Por Jorge Arbache – Valor Econômico

10/01/2019 – 05:00

O gigantesco hiato nos indicadores econômicos e sociais entre países da América Latina e países industrializados se deve, em parte, às debilidades da infraestrutura. O FMI estima que o estoque de capitais públicos per capita na região é de cerca de um quinto daquele na América do Norte, por exemplo.

Dificuldades de financiamento e de implementação e operação de projetos, problemas de governança e escolha de projetos pouco promissores ajudam a explicar os baixos investimentos em infraestrutura.

Se já não bastassem os desafios de infraestrutura acumulados, a região também tem que mirar em desafios novos associados às mudanças climáticas e demográficas, crescente urbanização e infraestruturas do futuro, como o 5G e cidades inteligentes. Trata-se de uma agenda difícil de ser atendida a curto e médio prazos e cuja magnitude e urgência requerem muitos recursos e coordenação.

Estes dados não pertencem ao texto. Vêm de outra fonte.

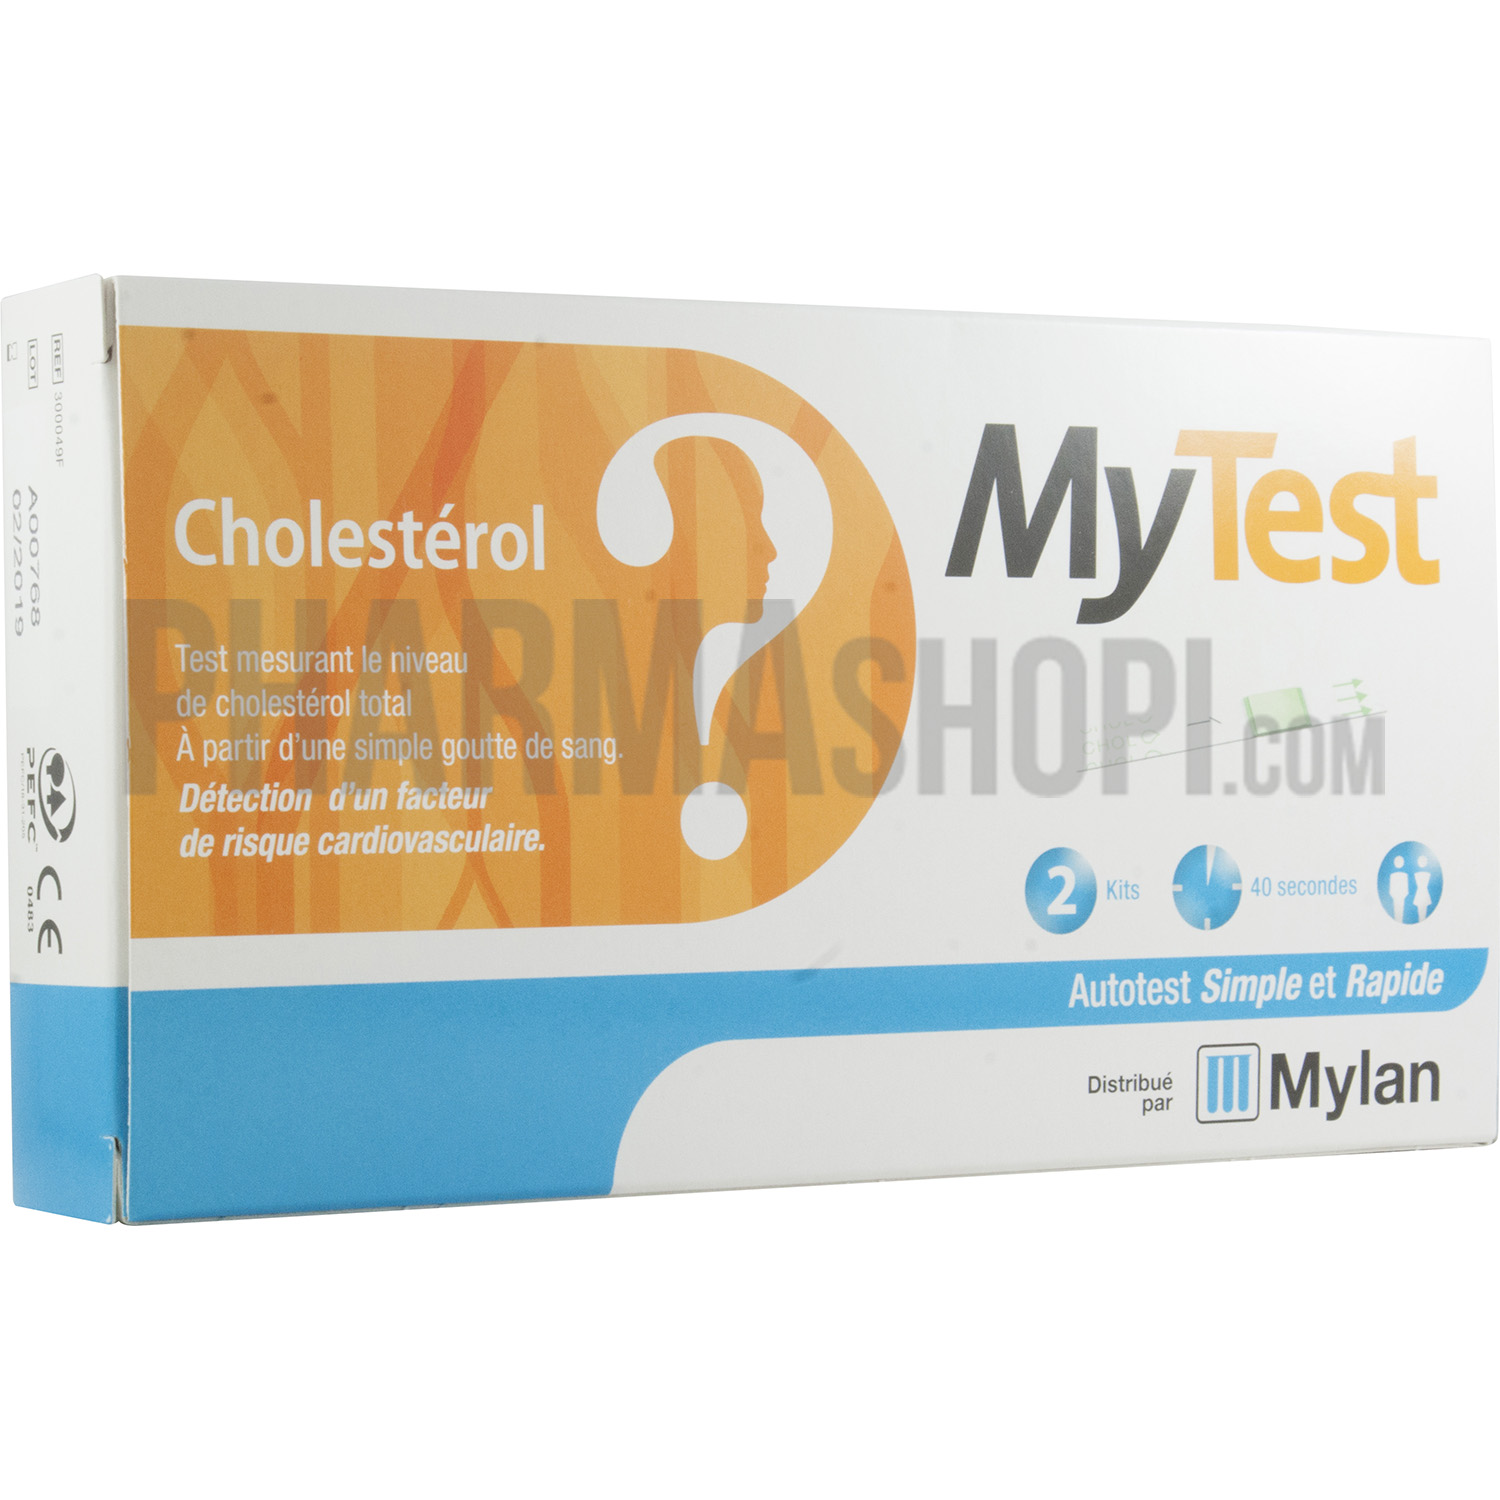 My test Cholestérol détection facteur cardiovasculaire Mylan - 2 kits

Os governos são os tradicionais investidores e operadores de infraestrutura na região. Porém, vários deles enfrentam elevados endividamentos e ajustes fiscais que constrangem a sua capacidade operacional e financeira para seguirem investindo e os bancos públicos têm limitações para financiar as infraestruturas nos montantes requeridos. Para avançarmos, será preciso ampliar o leque de alternativas.

A principal alternativa é a maior participação do setor privado no financiamento, implementação e operação de infraestruturas. Mas a participação do setor privado tem sido de apenas uma fração do seu potencial e, a se manter tudo como está, é improvável que aumente de forma significativa no futuro próximo. Isto porque existem barreiras para se financiar infraestruturas, em especial para o setor privado, em razão da elevada percepção de riscos, da regulação bancária, do limitado nível de desenvolvimento do setor financeiro, da modesta escala do mercado de capitais e das dificuldades para se identificar e mitigar riscos e internalizar externalidades.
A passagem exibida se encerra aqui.